7. Considering and re-examining the testimony and material on record, we find that it stands proved that the deceased went missing on 28-5-1999 which matter was reported to the police and search continued. A ransom note was recovered on 28-5-1999 with the assistance of the accused person which note was handed over to PW-11, Surender, by PW-6, Lalita, to ascertain its contents and in which demand for Rs. 35,000/ was made. The accused, on being arrested, made a disclosure statement which led to the recovery of the dead body of the child. The admitted handwriting of the accused matched with that of the ransom note. With these circumstances taken together, they make out a case strong enough to point to the guilt of the accused. There is only one hypothesis that can be drawn from the chain of circumstances which positively points towards the guilt of the accused.

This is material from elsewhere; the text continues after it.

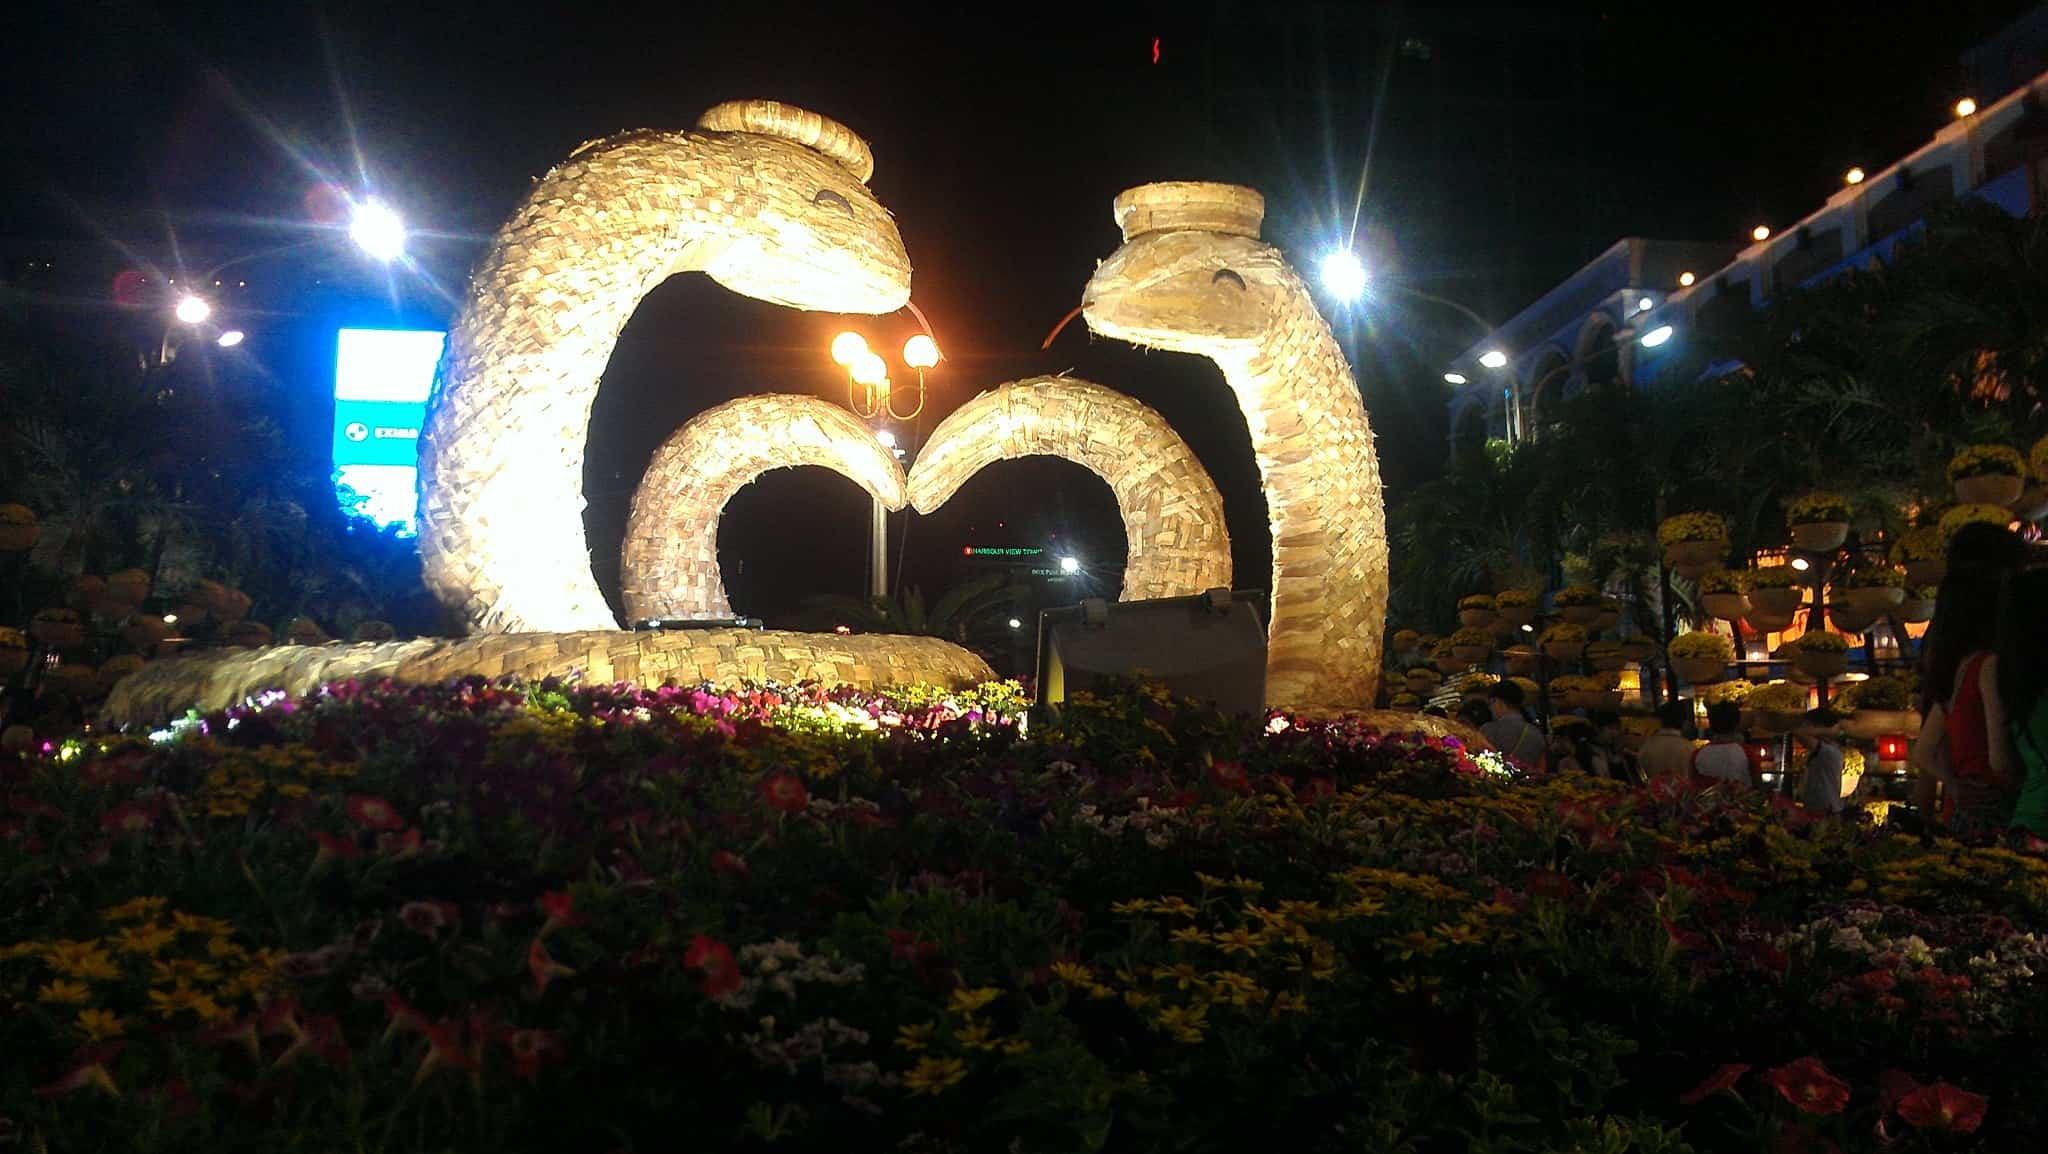 13 - Đường hoa Nguyễn Huệ tại Sài Gòn - TPHCM ở đâu, năm nay có gì mới?

8. We have not deliberately burdened this judgment with extensive quotations from the depositions of all witnesses which has been amply set out in the judgment under challenge. Re appraising the entire depositions and material on record, we find that the trial Court has correctly analyzed the same to arrive at its conclusion which cannot be faulted with.
9. We, therefore, have no hesitation in upholding the judgment of the trial Court dated 30-1-2004 and order on sentence dated 5-2-2004. In view thereof, Criminal Appeal No. 376 of 2004 is dismissed.